Write and explicit formula for the following sequence. Then generate the first five terms.
A1= 625
R=0.2
A1 = 625
An = A1 * r^(n-1)
Now plug in your numbers and crank 'em out.
what the fric
To find the explicit formula for the given sequence, we need to identify the pattern in the terms.
The given sequence is A1 = 625, and the common ratio (R) is 0.2.
The terms of the geometric sequence can be obtained using the formula:
An = A1 * R^(n-1)
Substituting the given values:
An = 625 * 0.2^(n-1)
To generate the first five terms, we substitute n with the values 1, 2, 3, 4, and 5:
A1 = 625 * 0.2^(1-1) = 625 * 0.2^0 = 625 * 1 = 625
A2 = 625 * 0.2^(2-1) = 625 * 0.2^1 = 625 * 0.2 = 125
A3 = 625 * 0.2^(3-1) = 625 * 0.2^2 = 625 * 0.04 = 25
A4 = 625 * 0.2^(4-1) = 625 * 0.2^3 = 625 * 0.008 = 5
A5 = 625 * 0.2^(5-1) = 625 * 0.2^4 = 625 * 0.0016 = 1
Therefore, the first five terms of the sequence are: 625, 125, 25, 5, 1.
To find the explicit formula for the given sequence, we need to determine the pattern that describes how each term is related to the previous term.
The given sequence has a common ratio of 0.2, which means each term can be obtained by multiplying the previous term by 0.2. Thus, the explicit formula for this sequence can be determined as:
An = A1 * r^(n-1)
Where:
- An represents the nth term of the sequence.
- A1 represents the first term of the sequence.
- r represents the common ratio of the sequence.
- n represents the position of the term in the sequence.

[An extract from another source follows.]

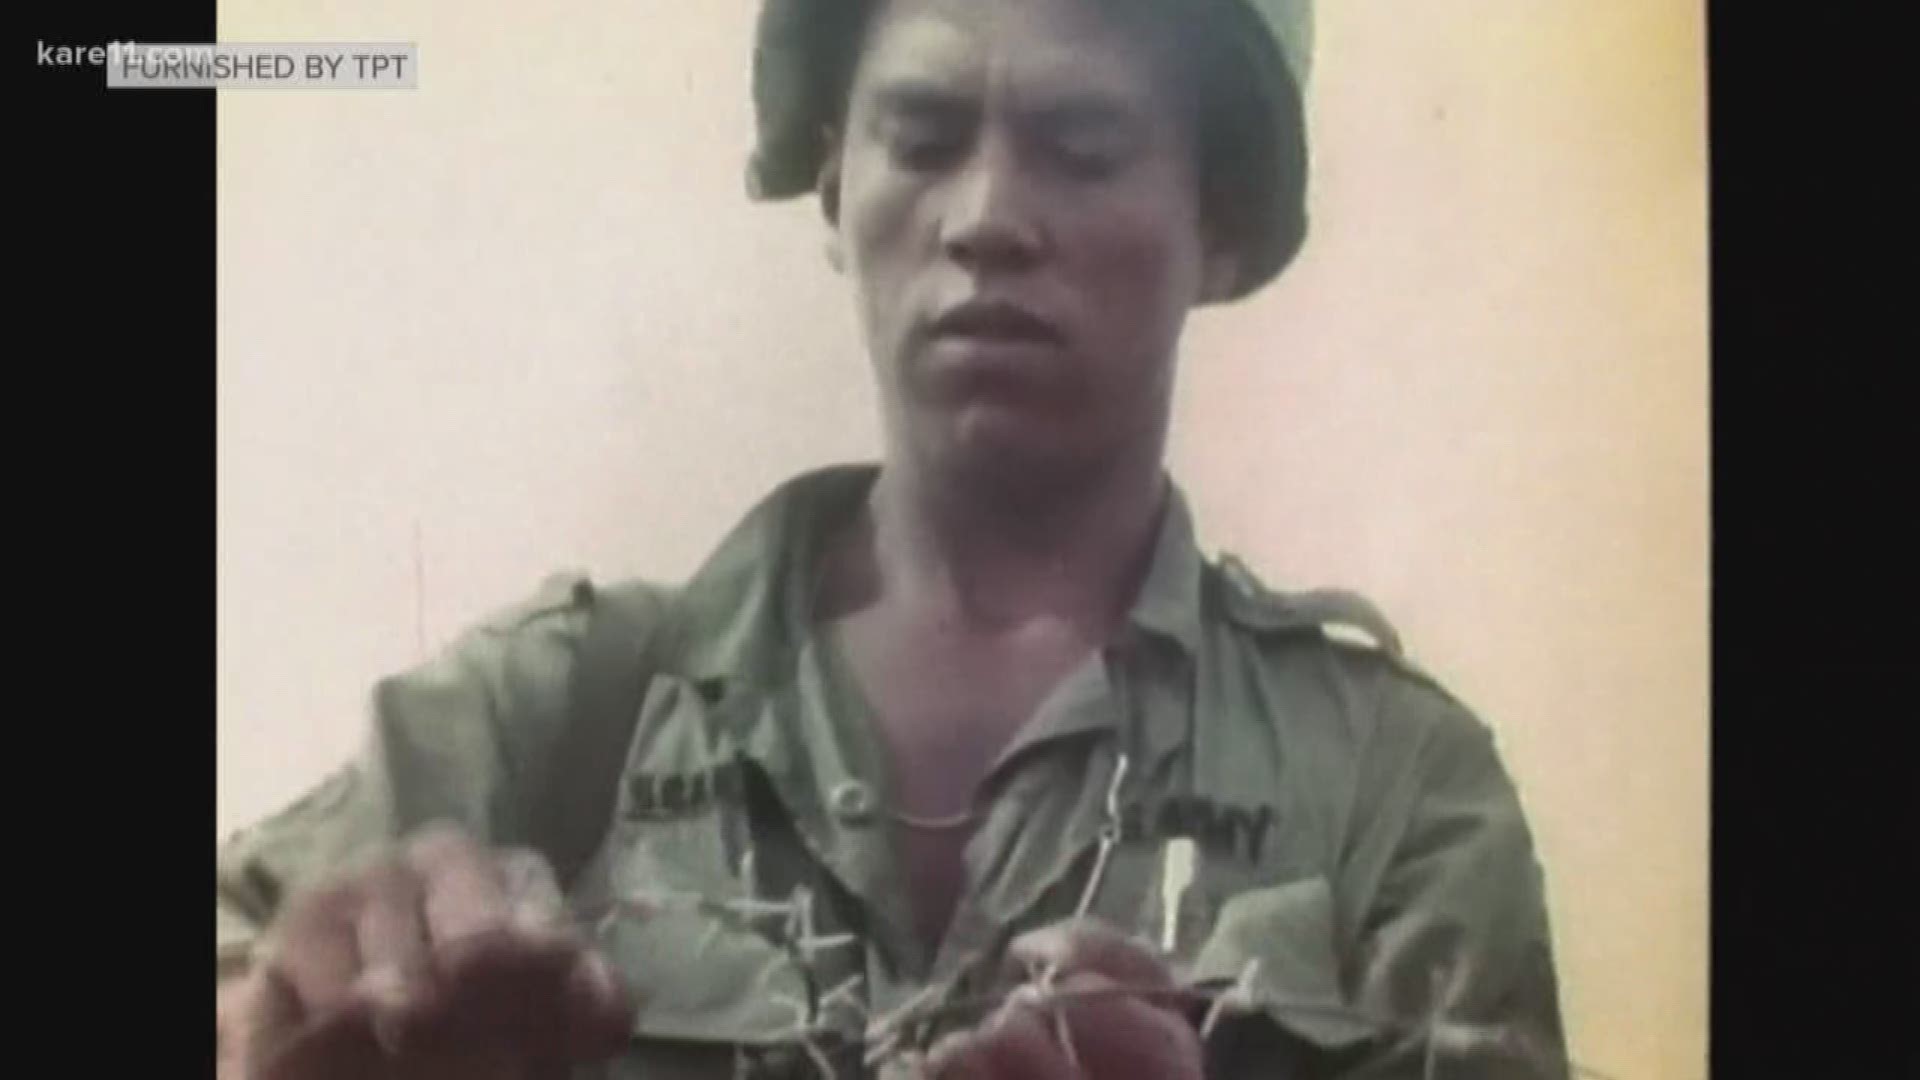 As part of native american heritage month, this November, Twin Cities PBS is highlighting native cultures with special events and programming. Specifically, a documentary that centers around the experience of Native Americans who served in Vietnam.

Let's generate the first five terms of this sequence using the formula:
A1 = 625 (Given)
A2 = A1 * r^(2-1) = 625 * 0.2^1 = 125
A3 = A1 * r^(3-1) = 625 * 0.2^2 = 25
A4 = A1 * r^(4-1) = 625 * 0.2^3 = 5
A5 = A1 * r^(5-1) = 625 * 0.2^4 = 1
Therefore, the first five terms of the sequence are 625, 125, 25, 5, 1.